Prior to 2020 and specifically 2010’s, there was “big data”, this era laid out the foundations of the datasets that we use; think Spark, Hadoop, Map-Reduce, Kafka, MongoDB {insert your favorite streaming/batching data based solution}; good old data heavy times. Big data covered ML capabilities as well but it was a different time of ML and it definitely did not cover deep learning capabilities and LLM was not a thing back then.

This created multiple data infrastructure companies(Databricks, Looker → Google, Cloudera, Confluent) as well as data based businesses where the business might be aggregating data in a structured manner and selling this to various customers. I will go this in a more detailed manner and show different categories of companies in the second post.

Schema-Free Learning

We moved away from schemas in the datasets and when we think about quality of datasets, it is no longer the schema that actually is important or how structured or less structured of data, but rather if the data itself is factual, accurate and/or labels that comes with the data.

Prior to 2020’s, schema and how to comply this schema in the datasets were very important for a variety of purposes for companies to consume. They want to index this data(search engine) purposes, they want to understand the relationships between entities to understand the facts about these entities or form new relationships.

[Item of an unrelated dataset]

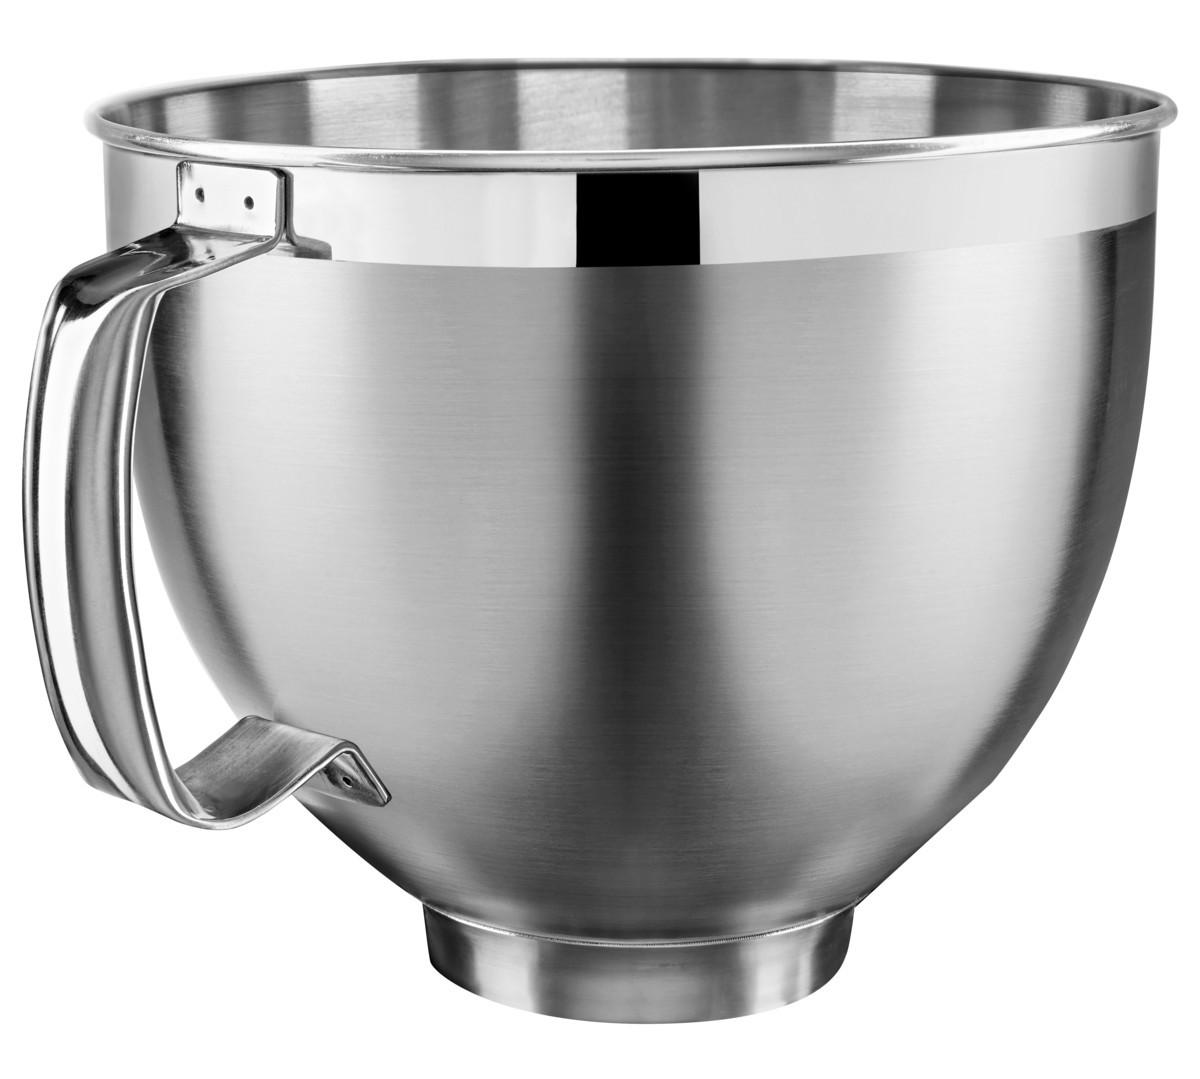 KitchenAid Edelstahlschüssel 4,8-Liter

Schema.org is established in tech companies to provide this schema framework so that web sites can use this schema to structure the information in the web page.

Before LLMs, there was Never-Ending Language Learning, this program was in the spirit similar to what current modern LLMs are doing, but of course prior to the the technological breakthrough which made it closer to the goal/mission of the program. Back then, the structure of the information, graph of the entities, how they are related to each other and what type of relations it has inside of the graph was deemed to be crucial as the most of the LLM models were still schema based.

Because the machinery that required learning among entities still require entities to be separated out, structured in a much more schema-heavy manner as the machine learning model would exploit graph structure, entities and build relationships between these entities.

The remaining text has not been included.